Ich nehme an, dass es damals, als die französische Sprache de rigueur war, aus der andere Kulturen entlehnten, ebenfalls jede Menge puristischen Gegenwind gab. Deutsch hat im Laufe der Jahrhunderte definitiv seinen Anteil an französischen Wörtern aufgesogen, darunter etwa Chance, Etage, Abonnement, Dusche, amüsant, Jalousie und Portemonnaie. Zwei verschiedene Typen von Beamern Beamer/Projektor (links) und Beamer/BMW (rechts) | Foto: George Rex / Wikimedia Commons

Falsche Freunde und Malapropism


Das Denglisch-Phänomen hat einer ganzen Reihe Falscher Freunde Auftrieb verliehen: Wörtern, die in beiden Sprachen verwendet werden, aber unterschiedliche Dinge bedeuten. Zu den Klassikern in diesem Genre gehören Handy (englisch: „praktisch, handlich“), Bodybag (englisch: „Leichensack“), Beamer (englisch: umgangssprachlich für einen BMW) und Slip (englisch: „ausrutschen“). Auch brauchte ich eine Weile, um zu kapieren, wie die Deutschen das anglisierte Verb checken verwenden. Verwirrenderweise kann es zwar manchmal „to check“, also „überprüfen“ heißen, wird aber häufiger im Sinne von „bemerken“ oder „verstehen“ benutzt. Wenn jemand also beispielsweise sagt „Ich habe ihre neue Frisur nicht gecheckt“ (wörtlich: Ich habe ihre neue Frisur nicht überprüft), dann hat das nichts mit einer Untersuchung auf Läuse zu tun.
 
Ein anderes, echt schräges Beispiel ist der Sonnyboy, der nichts mit Sonny und Cher zu tun hat und auch zum Sunnyboy-Eis am Stiel in keiner Beziehung steht, das früher in australischen Milchbars und Schulkiosken verkauft wurde. Mir begegnete der Begriff zum ersten Mal, als ich in einer WG im Prenzlauer Berg wohnte. Wir machten ein Casting (ein weiteres großartiges Beispiel), um eine*n neue*n Mitbewohner*in zu finden, und interviewten einen charmanten blonden jungen Mann mit strahlendem Lächeln, der vor Selbstbewusstsein nur so strotzte.
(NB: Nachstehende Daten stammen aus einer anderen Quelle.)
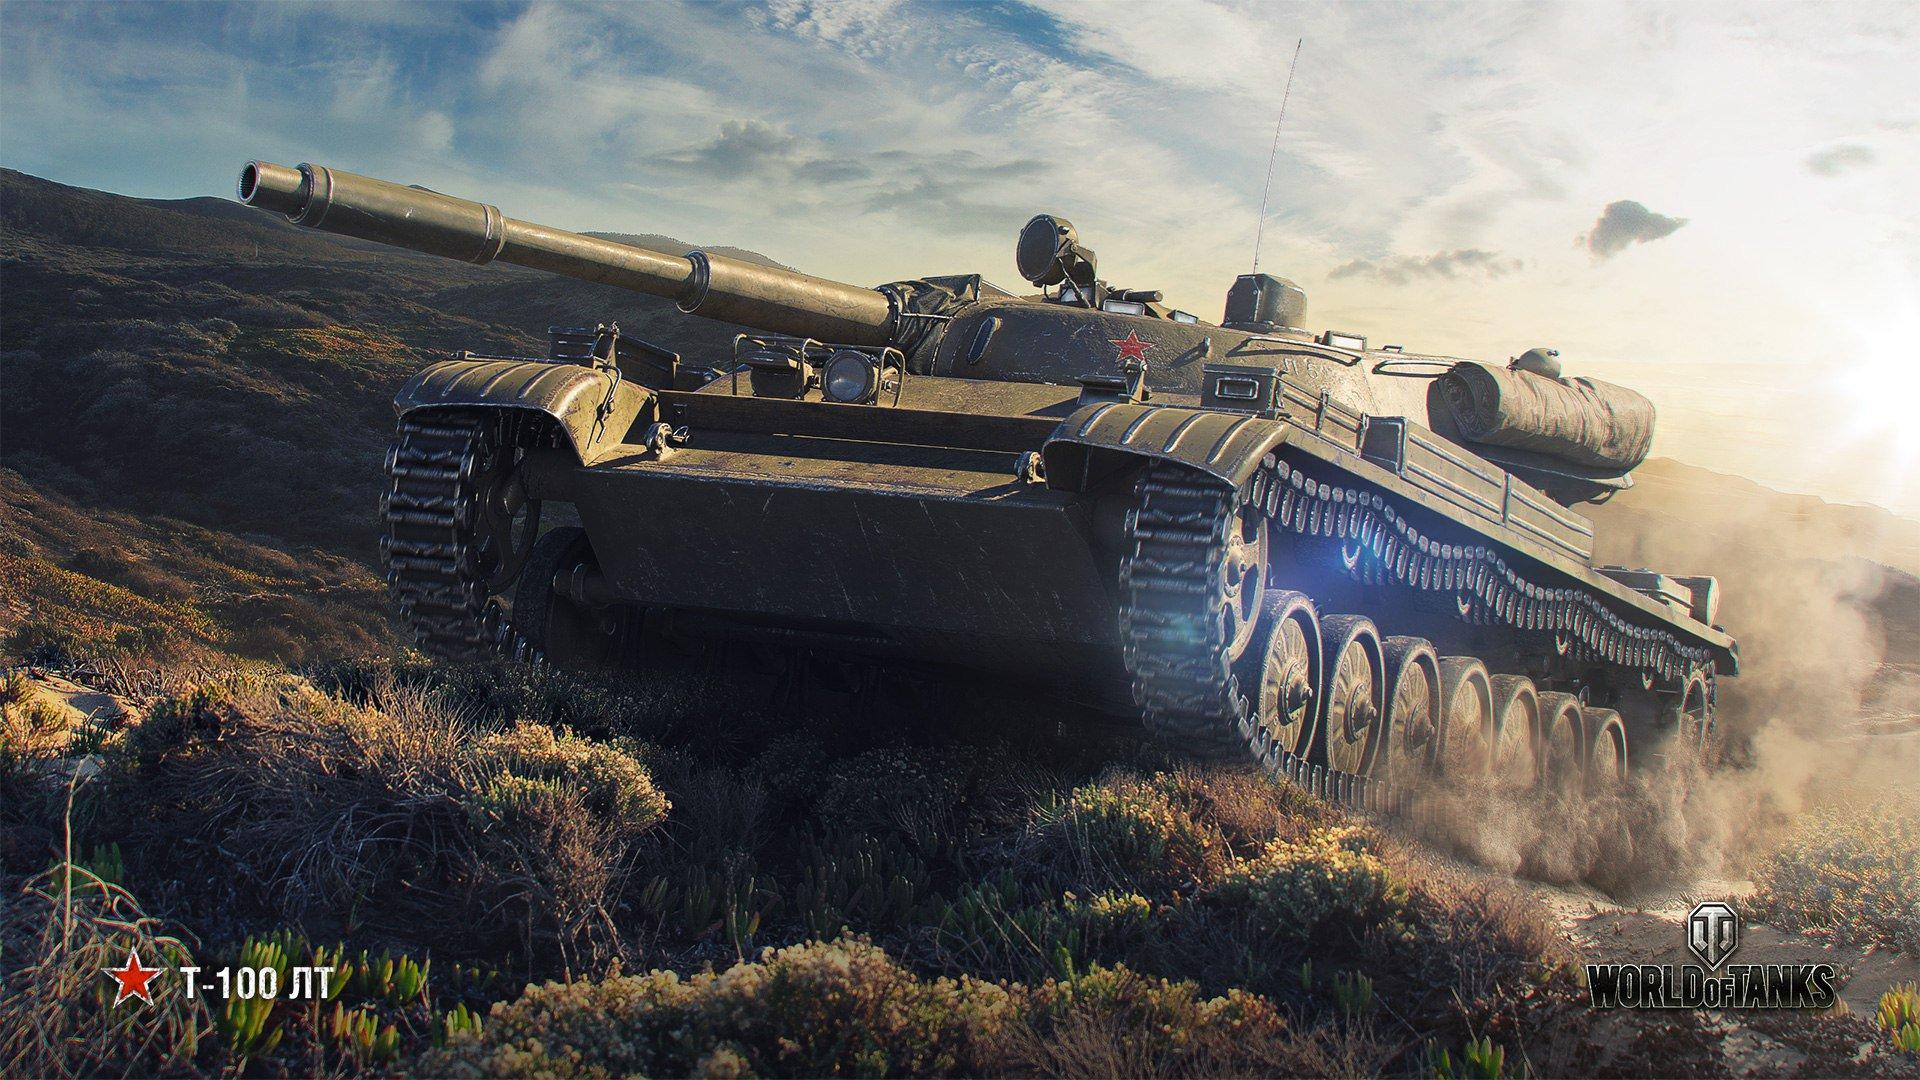 скачать hd обои world of tanks на рабочий стол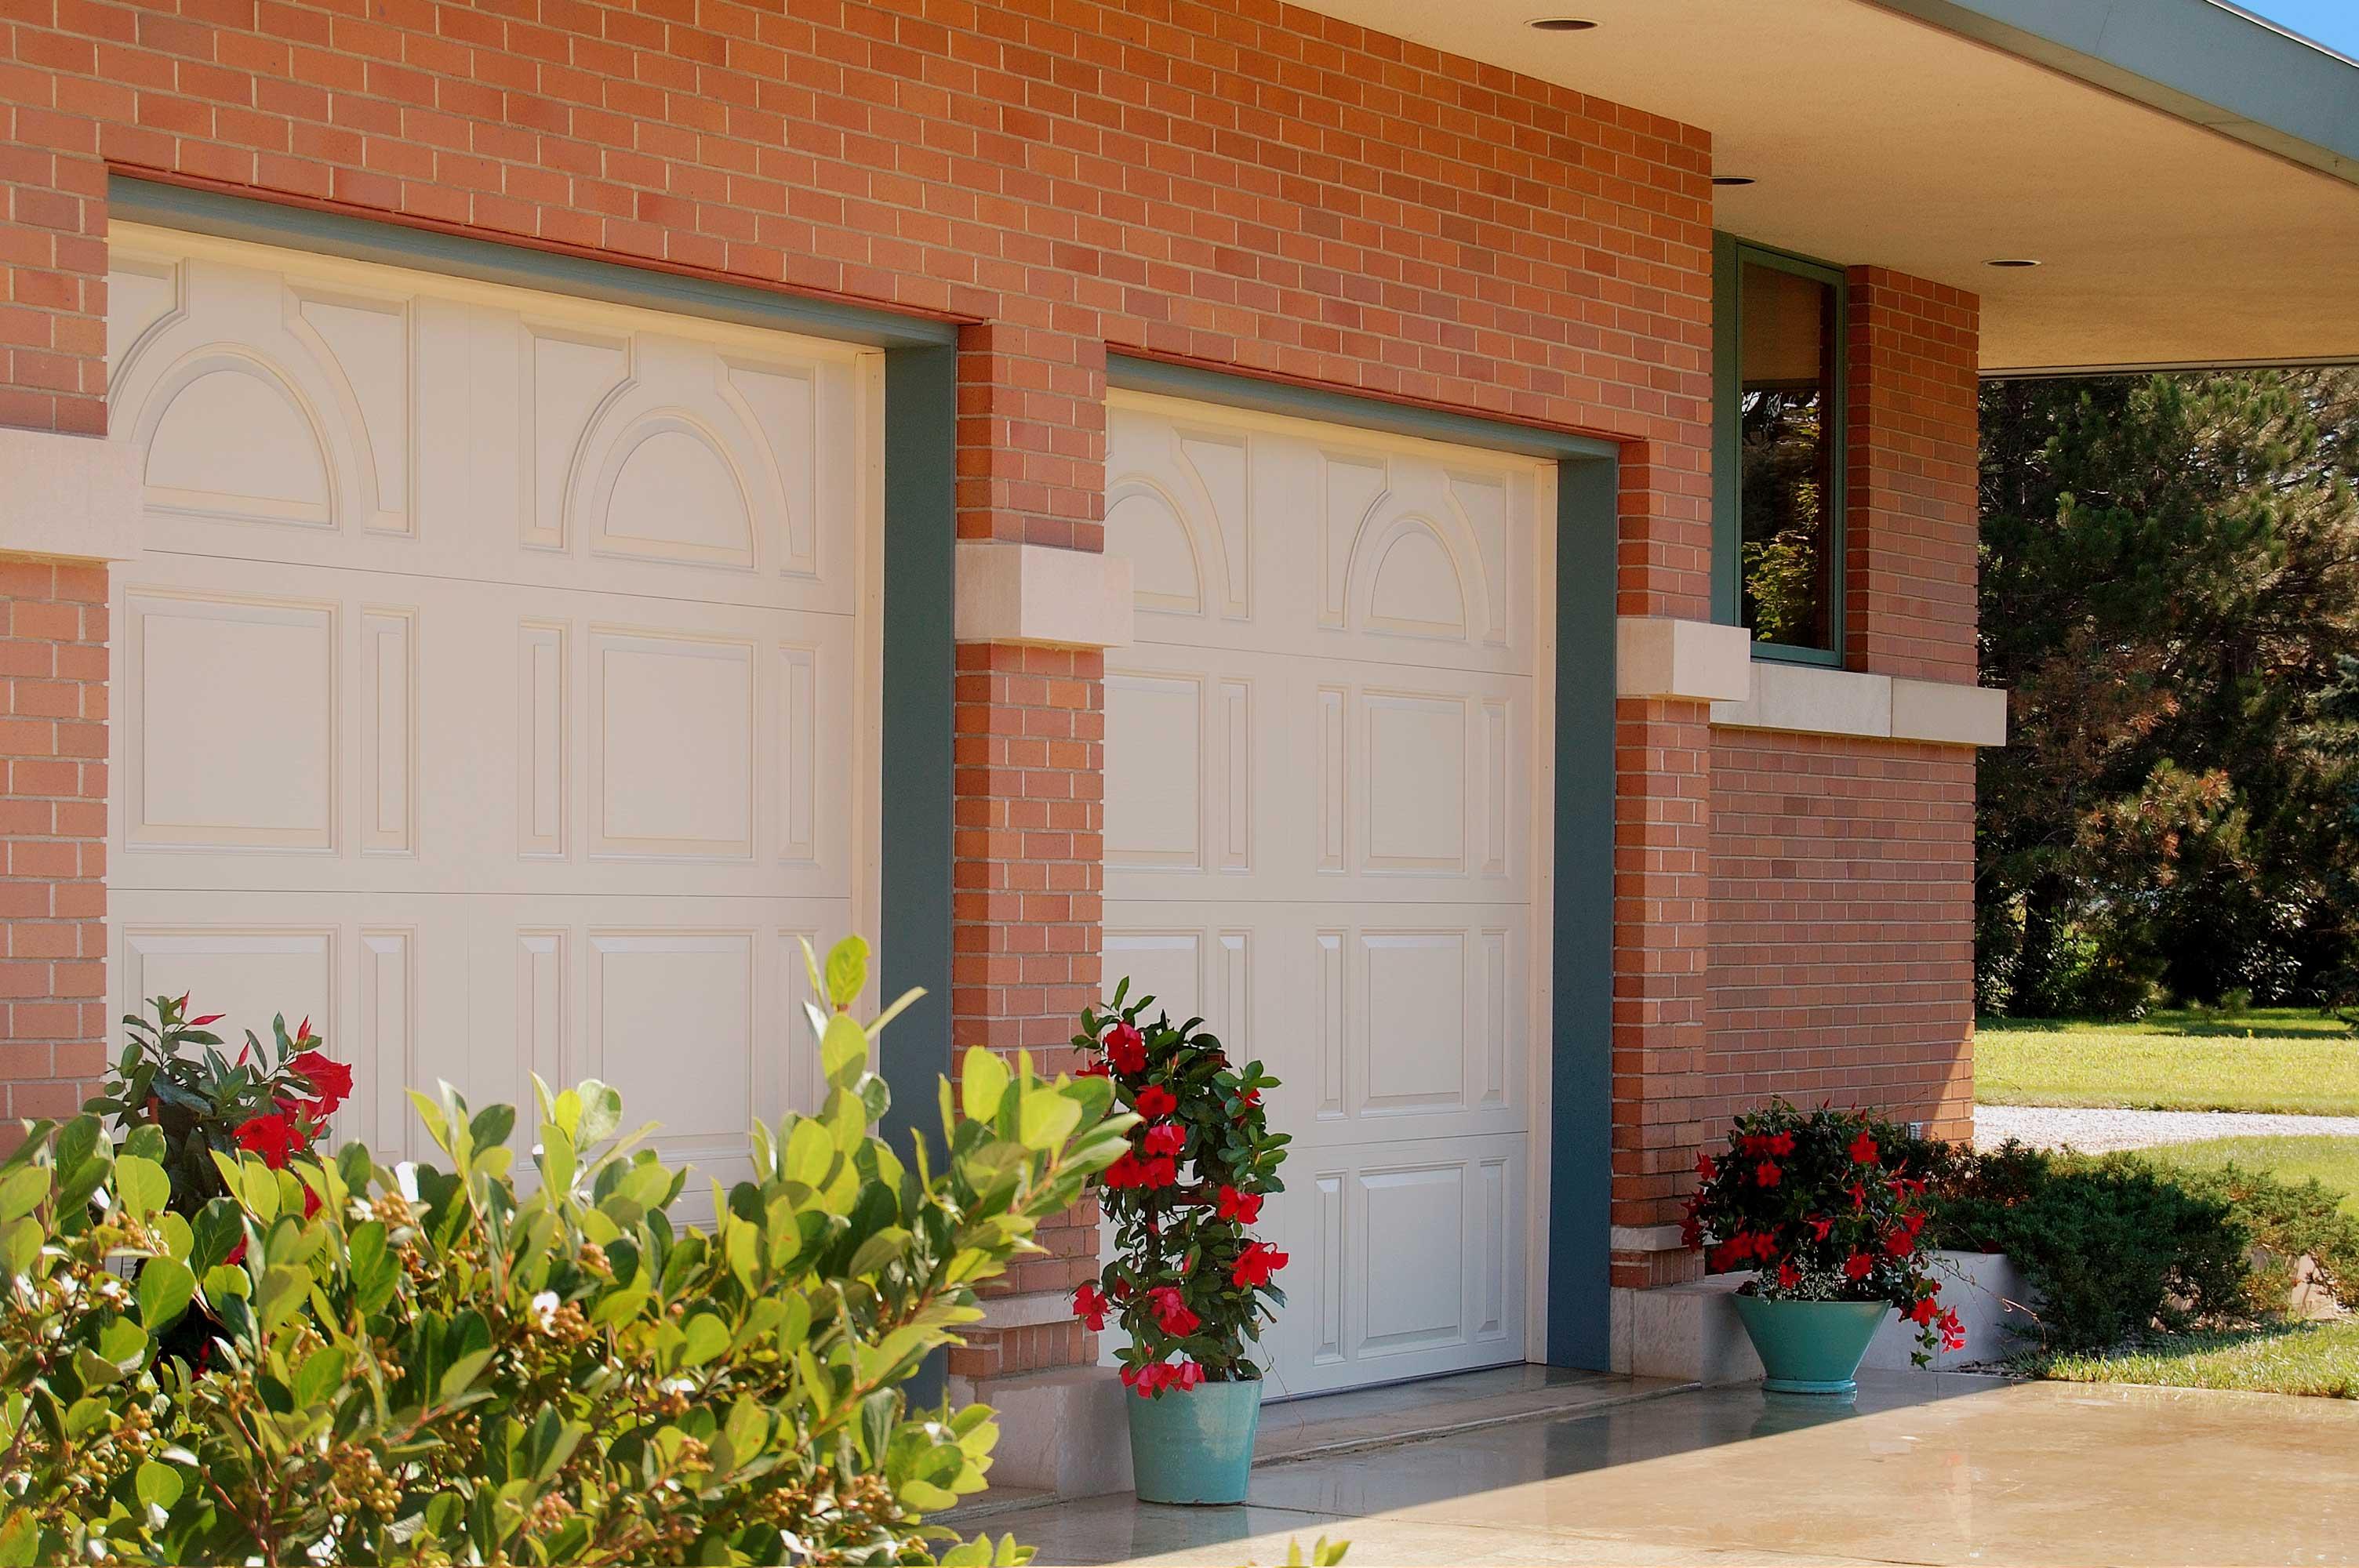 raised panel fiberglass - Raised Panel Home 2015

Nachdem er gegangen war, erklärte einer meiner Mitbewohner abschätzig: „Puh, also ich weiß nicht, das war so’n bisschen ’n Sonnyboy.“

Auch wenn mir denglische Ausdrücke manchmal aufstoßen, finde ich diesen Austausch generell großartig – egal, wie lächerlich einige der Sprachkonglomerate sein mögen. Sprachen wachsen und verändern sich ständig, ob sie nun gesprochen, gedruckt oder auf Twitter getippt werden.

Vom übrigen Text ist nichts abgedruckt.